Tuesday, February 03, 2015

St. Albertus Magnus Center 2015 Summer Course

For many years Unam Sanctam Catholicam has collaborated with the good folks of the Albertus Magnus Center for Scholastic Studies in Norcia, Italy, to promote their wonderful summer theology courses. The Center is happy to announce the theme for the 2015 course: "Light Unto the Mysteries of God: St. Paul's First Letter to the Corinthians." The substance of the course will be undertaking a thorough reading of the Letter, following St. Thomas's commentary upon the epistle as our guide. The Epistle offers the opportunity to explore in depth the subject of grace as it is found principally in the sacraments.The two week course will be held in Norcia, Italy, from July 12-July 25th. Cost is €675, which does not include airfare but does include lodging and two meals per day. The course also includes excursions to Assisi, Cascia, Norcia and Rome.

The Albertus Magnus center is an organization dedicated to the revival of higher studies in theology undertaken according to the mind and method of the great scholastics. The Albertus Magnus center is also a recognized 501(c)3 non-profit charitable organization.

The mission of the Center is realized principally through the regular hosting of two-week long Summer Programs, in which participants are invited to an intensive course of studies in Catholic theology presented in the form of the great universities of the high Middle Ages. Unique to these programs is the combination of scholastic form and content, namely the study of St. Thomas Aquinas in the way that St. Thomas himself would have studied. Hence the dedication of the Center to his own teacher, St. Albert the Great. These programs thus take as their central focus the three tasks of the medieval masters of theology (praedicatio, lectio, disputatio) together with the course of studies undertaken by medieval students of theology, which involved commenting on the theological textbook of the day, e.g. the Sentences of Peter Lombard.
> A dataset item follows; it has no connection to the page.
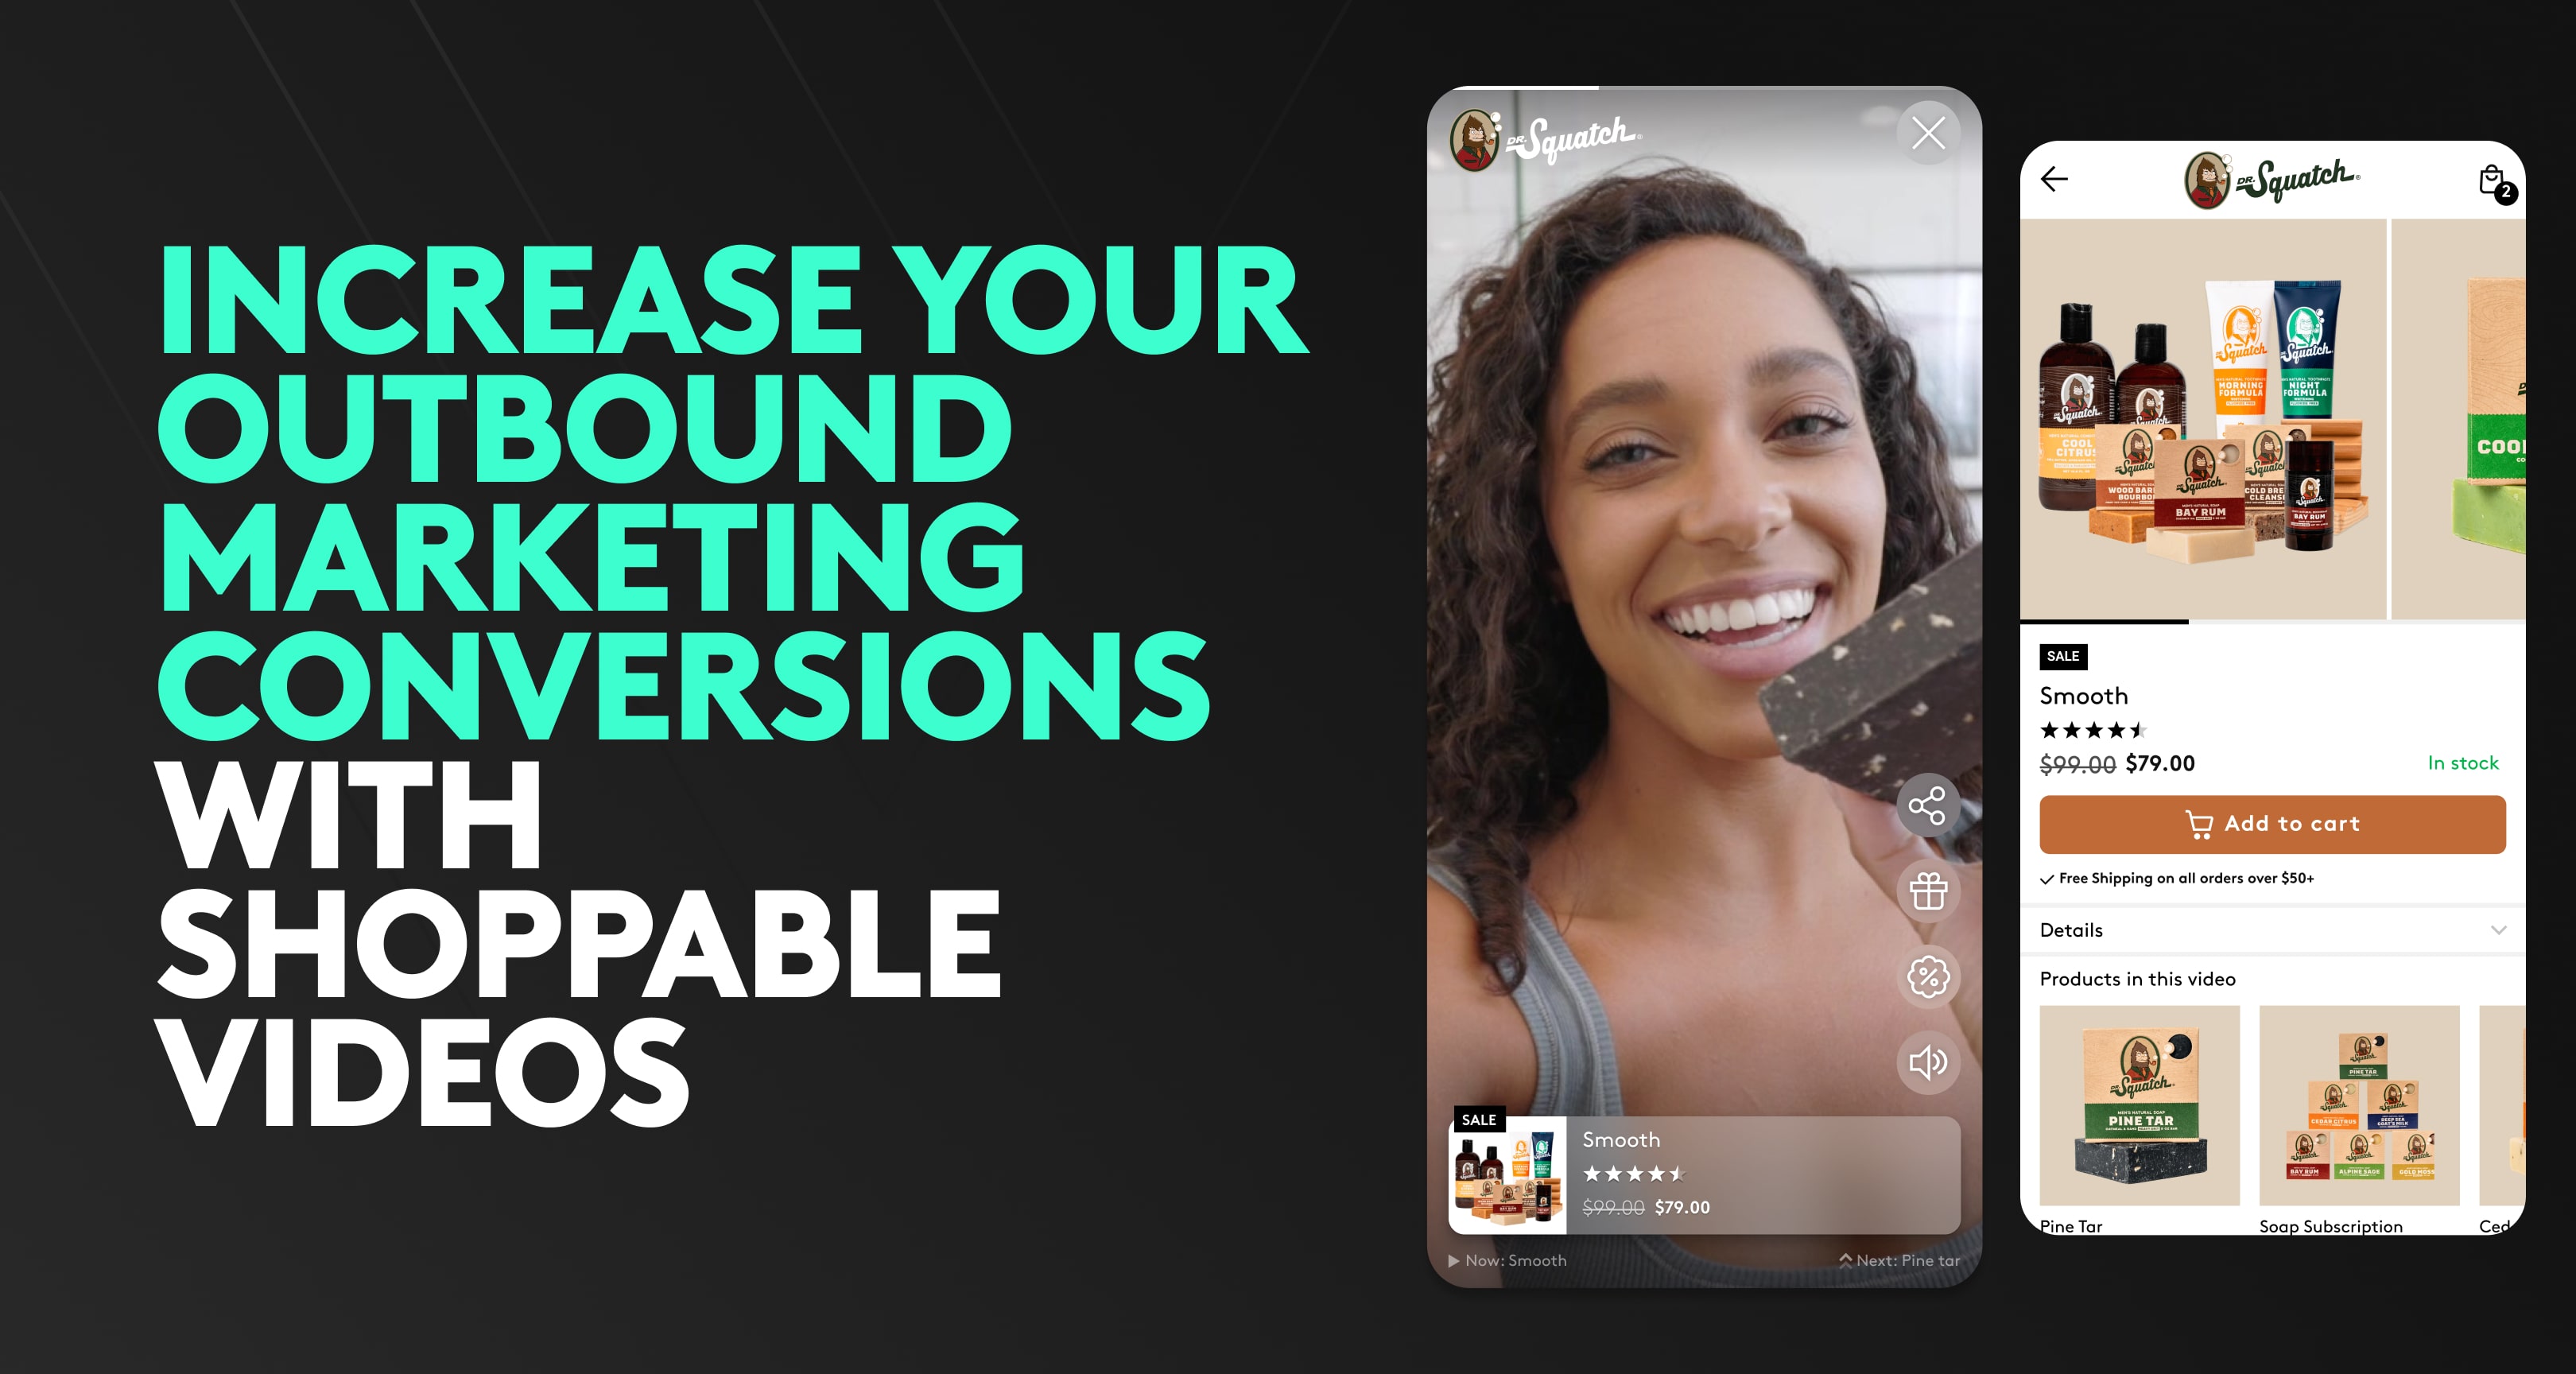 How to Increase Your Outbound Marketing Conversion Rate With Shoppable Video Campaigns

From the website of the Albertus Magnus center, describing how a typical day at the course is structured:

Praedicatio (preaching). In our programs, this task of the master of theology is generally fulfilled in the context of the daily Mass which participants are invited to attend.

Lectio (lecture). One or several keynote speakers are invited to fulfill this task of the master of theology by delivering a series of academic lectures throughout the program on the principal academic topic, which varies each year.

Disputatio (disputation). The culmination and highlight of our Summer programs is the holding of an authentic scholastic disputation in which participants are invited to pose arguments and objections for and against a disputed question of theology, after which one of the masters organizes the arguments, presents his definitive respondeo (response), and answers each of the objections raised on either side.

Commentaria (commentary). The academic portion of our programs is then rounded out by two or three further courses in theology which consist of daily seminar style discussions of some of the great texts of the great masters in theology, principally Thomas Aquinas’s Summa Theologiae, which has long since replaced Peter Lombard's Sentences as the textbook for ‘beginners’ in theology.

In addition to the central academic focus, our programs seek to integrate a wider experience of the Church's culture and history. For this reason, while making sure that participants have plenty of time for careful and fruitful reading of the texts to be discussed in class, some days are set aside for excursions and cultural activities.

The folks of the St. Albert Center work on conjunction with the Benedictines of Norcia; the lay organizers are theologians in their own right from the International Theological Institute in Tramau, Austria, the Pontifical University of St. Thomas Aquinas, and Wyoming Catholic College. They are also good friends of this blog and of myself personally. In fact John Joy, one of the Directors of the St. Albertus Magnus Center, has published two theology books exclusively available through Unam Sanctam Catholicam - Poena Satisfactoria (2011) on St. Thomas' doctrine of the atonement, and Cathedra Veritatis (2013) on the extension of papal infallibility.